Kristen Arnett: Relationships? Writing? It’s All Taxidermy
The Author of Mostly Dead Things on The Maris Review
How taxidermy are like past relationships:
Kristen Arnett: It’s a very queer book, and coming of age as a young, queer person includes not understanding yourself and your sexuality and discovering that. It has that extra edge of being fraught, because sometimes those relationships are secret as well. It becomes this way that when we think about them, memory becomes extremely structured: very posed and put together.
Maris Kreizman: Remember that dead raccoon?
Kristen: [laughs] “Baby, that dead bull reminds me of you.” It made me realize that it has a lot in common with taxidermy, because taxidermy is taking what was once alive and dying in this kind of way and resurrecting it as a specific posed, structured memory. That’s past relationships, in a lot of ways.
On coping mechanisms:
Kristen: Writing is a kind of taxidermy, because you are constructing a narrative and you’re posing it in a certain way. You’re taking it and saying, this isn’t fitting my idea of how the memory should function, whittling it down and honing it down to the thing that you see it as.
Maris: You getting to narrate your experience is the ultimate “taxidermilogic.” The impression from the book, at least, was that I could see how control, both in taxidermy and controlling the narrative, were very important.
Kristen: Right, because I think too that it is also a book about grief and loss; specifically, this narrator struggles with control issues. Struggle is an interesting word, because when the book begins they don’t think they struggle with it.
Maris: No, not at all. For them, it’s a lot of coping mechanisms. In writing this book, it was like what does it look like when you’ve had these workarounds that might not be healthy and maybe not the best way of coping with things, but they’ve worked to a degree. You’ve developed them and you’ve used them. They are these workarounds so you can get through the things you don’t want to deal with, like what happens when an event occurs or something happens that makes it so those coping mechanisms no longer work anymore. They don’t function the way you need them to.
Specifically, Jessa in the book is very much a control freak who deals with emotions by ruthlessly shutting them down and being very present in the physical world. What does it mean when your brain no longer lets you do that because you’re too immersed in the event that occurred? What does that grief look like when it’s compared to other people in your life who are experiencing the same grief but maybe in very different ways?
On high art versus low art:
Maris: You do a great job in the novel of getting first impressions of what her mother is doing, and as a reader you think that her mother has lost her mind. We see before Jessa does, but we get there.
Kristen: Another thing too is that taking what is essentially domestic arts that we don’t take seriously because they were women’s work in a kind of way, it also pairs against utilizing taxidermy, which is something that I consider as high art versus low art or what’s tacky and classy. These are binaries a lot of the time.

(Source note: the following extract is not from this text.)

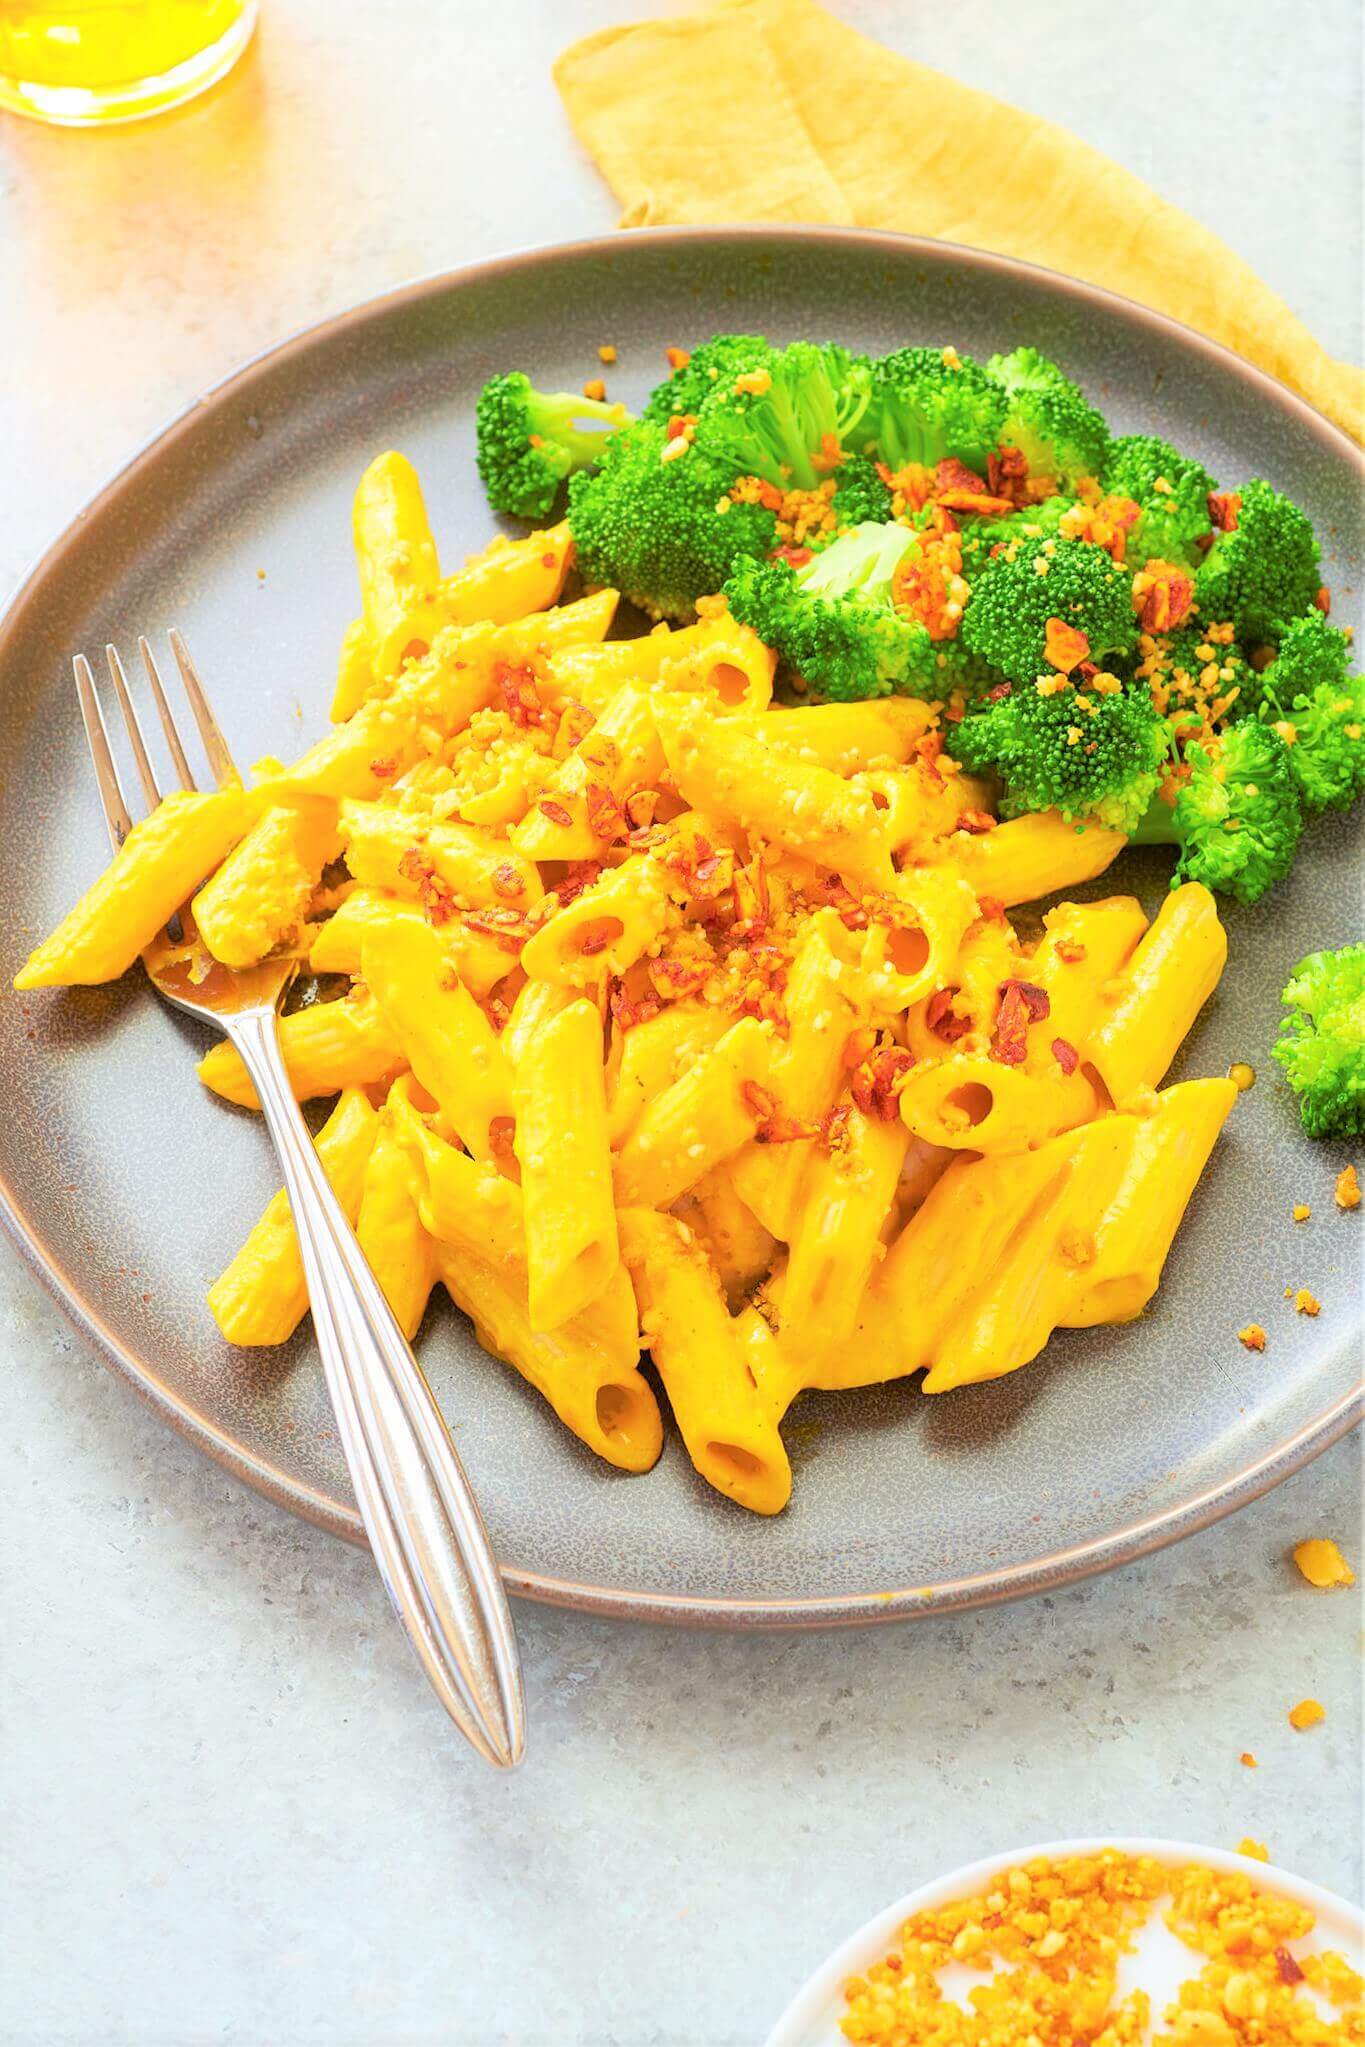 Mac and "Cheese" with Steamed Broccoli
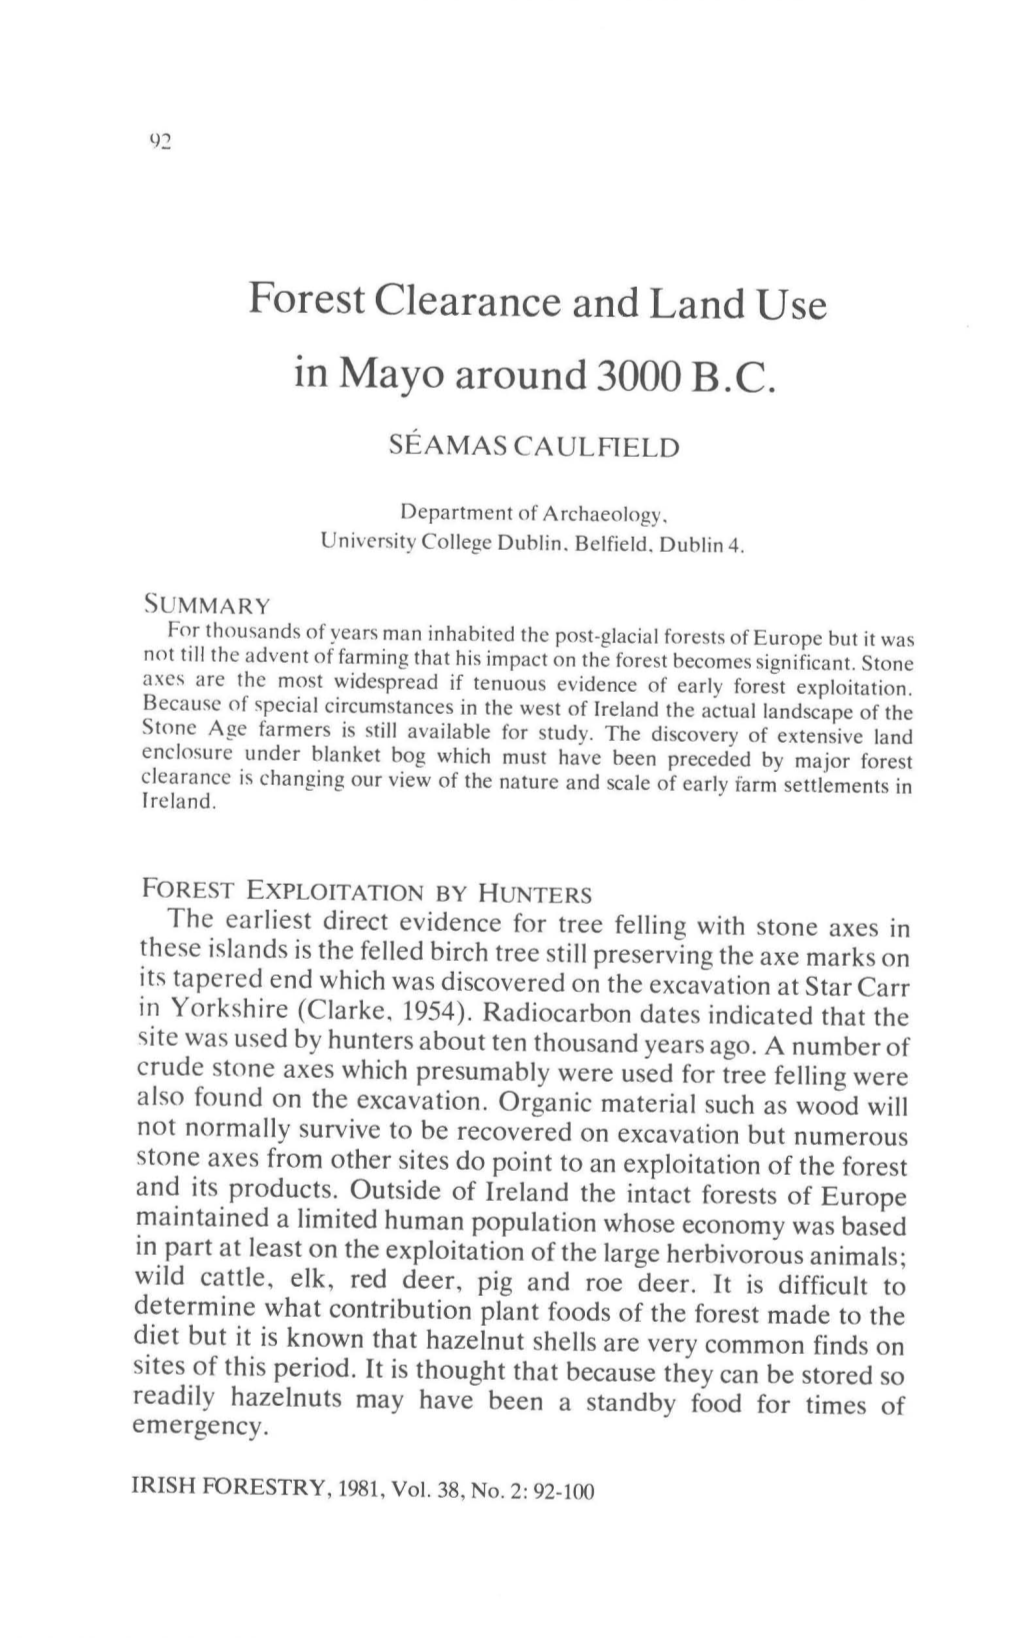 Forest Clearance and Land Use in Mayo Around 3000 B.C

Florida experiences a lot of that, right? Florida is considered tacky, in this kind of way. Central Florida is tourist central and includes a lot of these things. What does it look like for people who are creating taxidermy, which in the book Jessa and her father consider as high art, but looking on it when you talk to people about taxidermy it’s a low art. People aren’t generally considering taking a dead animal, scraping out its interiors, and posing it to be this kind of high art, but they’ve made it this thing.
This is very present in people that do taxidermy in these forums. They take it very seriously and they spend a lot of time on it, but it’s generally very masculine work. I would sit inside these web forums and chat rooms because I wanted to see how people talked about it. I wanted the language to be right in the book. What’s the slang they use? How do people talk to each other, and what actual tools do they use? Is there stuff they don’t use that’s known in the trade but people wouldn’t know otherwise unless they were making taxidermy? I got a lot of that stuff. People were like, use Windex because it’s cheaper. Amazing, right?
Ninety-nine percent of the time it was this very traditional kind of masculinity in these forums. They would post these pictures of things they made, and they would write how they did it. They were showing their art this way, and they were being vulnerable and tender about they made work. To feel emotional about something you created is a vulnerability, and it’s considered feminine.
Kristen Arnett is a queer fiction and essay writer. She won the 2017 Coil Book Award for her debut short fiction collection, Felt in the Jaw, and was awarded Ninth Letter’s 2015 Literary Award in Fiction. She is a columnist for Literary Hub, and her work has either appeared or is upcoming in numerous literary publications. Mostly Dead Things is her first novel.